O escritor sabe e todos sabemos que não existe milagre que faça justiça social em uma semana. Por isso, defendo que essa luta, maior e eterna, continue sendo identificada com a nossa participação crítica, constante, em movimentos populares, políticos.
Esse é o palco, nunca a Vila Olímpica, que levará momentâneo prestígio ao presidente do COI (Comitê Olímpico Internacional), lamento, mas também aos atletas participantes e coadjuvantes, o que comemoro.
Mudando o assunto para continuar o assunto: em 2007, tivemos os Jogos Pan-Americanos no mesmo Rio de Janeiro. Por conta de uma revista que eu lancei cerca de um ano depois, descobri que muitas das obras realizadas em tempo recorde para viabilizar o evento estavam abandonadas. Descobri também como o Brasil estava despreparado (naquela época, torço para que tenhamos avançado nessa categoria) para dar formação a atletas.

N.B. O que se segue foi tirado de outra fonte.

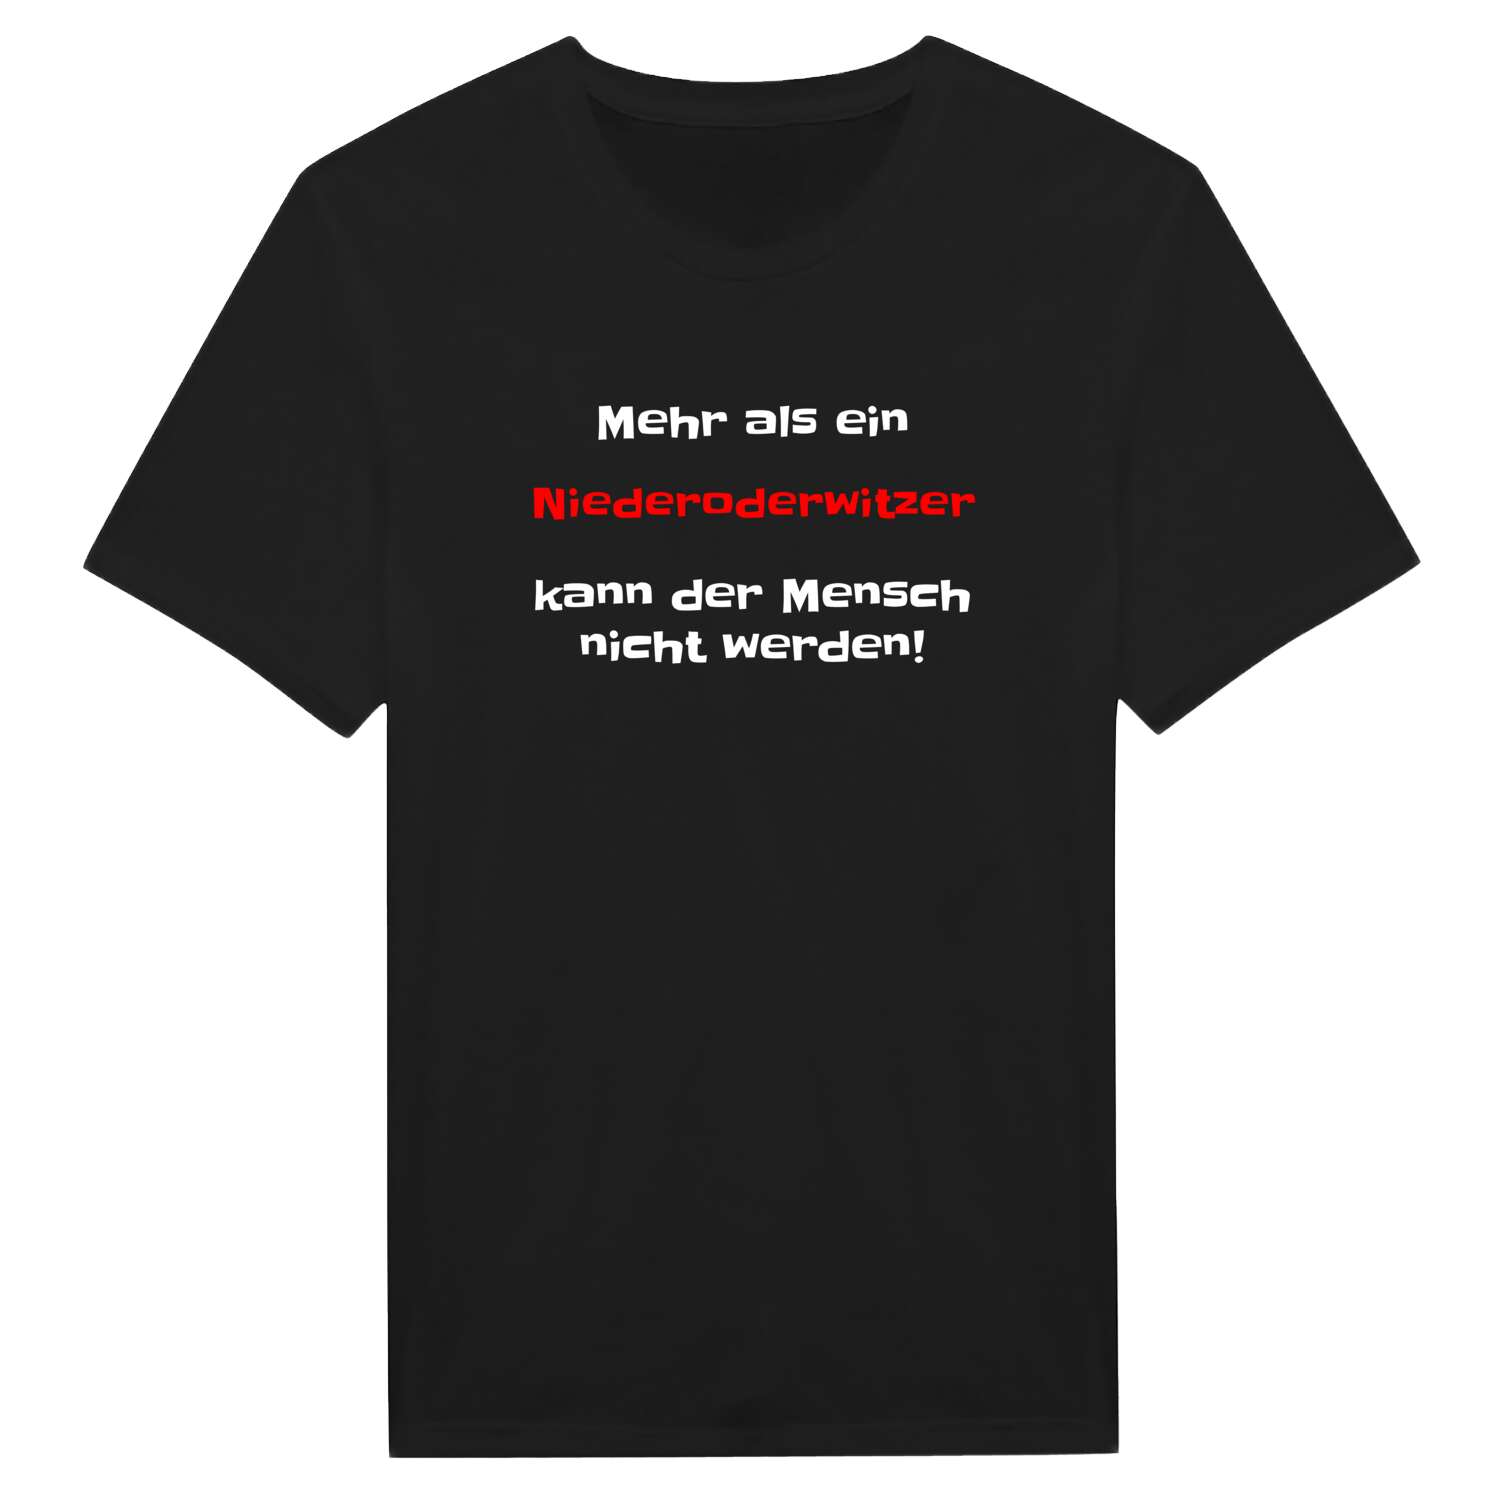 Niederoderwitz T-Shirt »Mehr als ein«

Durante um almoço, do qual participei a convite de pessoas que trabalhavam com natação no Ministério do Esporte, conheci um russo (consagrado treinador de saltos ornamentais, disseram-me) que estava sendo sondado para trabalhar no Brasil, simplesmente porque não tínhamos treinadores na área. O russo, percebendo que eu era peixe fora d´água como ele, perguntou-me particularmente num péssimo inglês: “essa universidade que quer me contratar é sólida, é séria?” Queria saber se podia àquela altura (deveria ter um 60 anos, pela aparência) deixar a Rússia e ir trabalhar em uma cidadezinha na região Sul do Brasil.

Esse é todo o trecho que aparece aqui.